23. Are you sure it's _not_ VS Code at issue here? I haven't seen this in Ghostty.
24. This is a common problem and you can find reports of it all over X, including from some influencers. Even outside of VSCode.
25. Never seen it on iTerm2.
This "outside of VSCode", was it still with a webview-based terminal?
26. I use the VSCode terminal all day every day. No other app I use in it has this issue, including Codex.
27. OK, so you have the unbearable pain of using a separate terminal app to use the magic thingie that does your programming for you on prompt, and which didn't exist merely 2 years ago.
https://www.youtube.com/watch?v=kBLkX2VaQs4
28. I am a fan of Claude code, I love it, I use it every day. Are you suggesting we’re not allowed to make any critique of anything which has good qualities?
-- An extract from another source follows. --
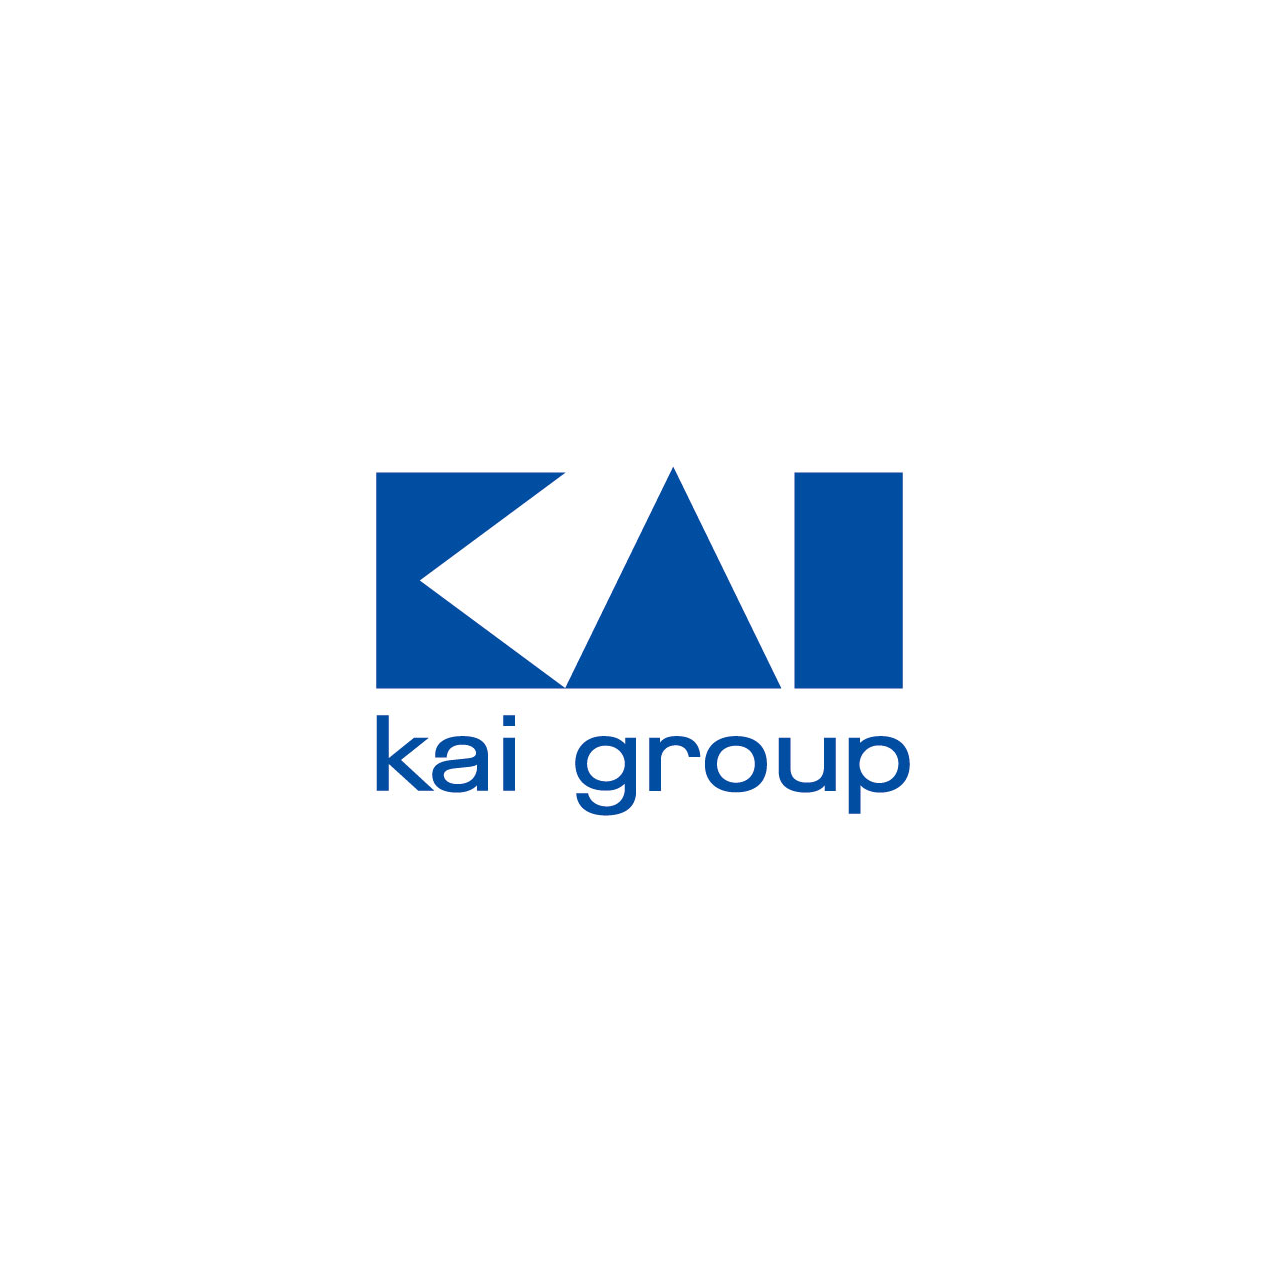 www.kai-group.com

29. No, I'm suggesting that given the context, it's a tiny concession to make...
30. It’s not. I see this constantly. I use Ghostty and Alacritty and usually am in a tmux session
31. Claude Code is fairly simple. But Claude Desktop is a freaking mess, it loses chats when I switch tabs, it has no easy way to auto-extend the context, and it's just slow.
32. Claude’s iOS app ‘unknown errors’ constantly. I have to copy messages for fear of losing them.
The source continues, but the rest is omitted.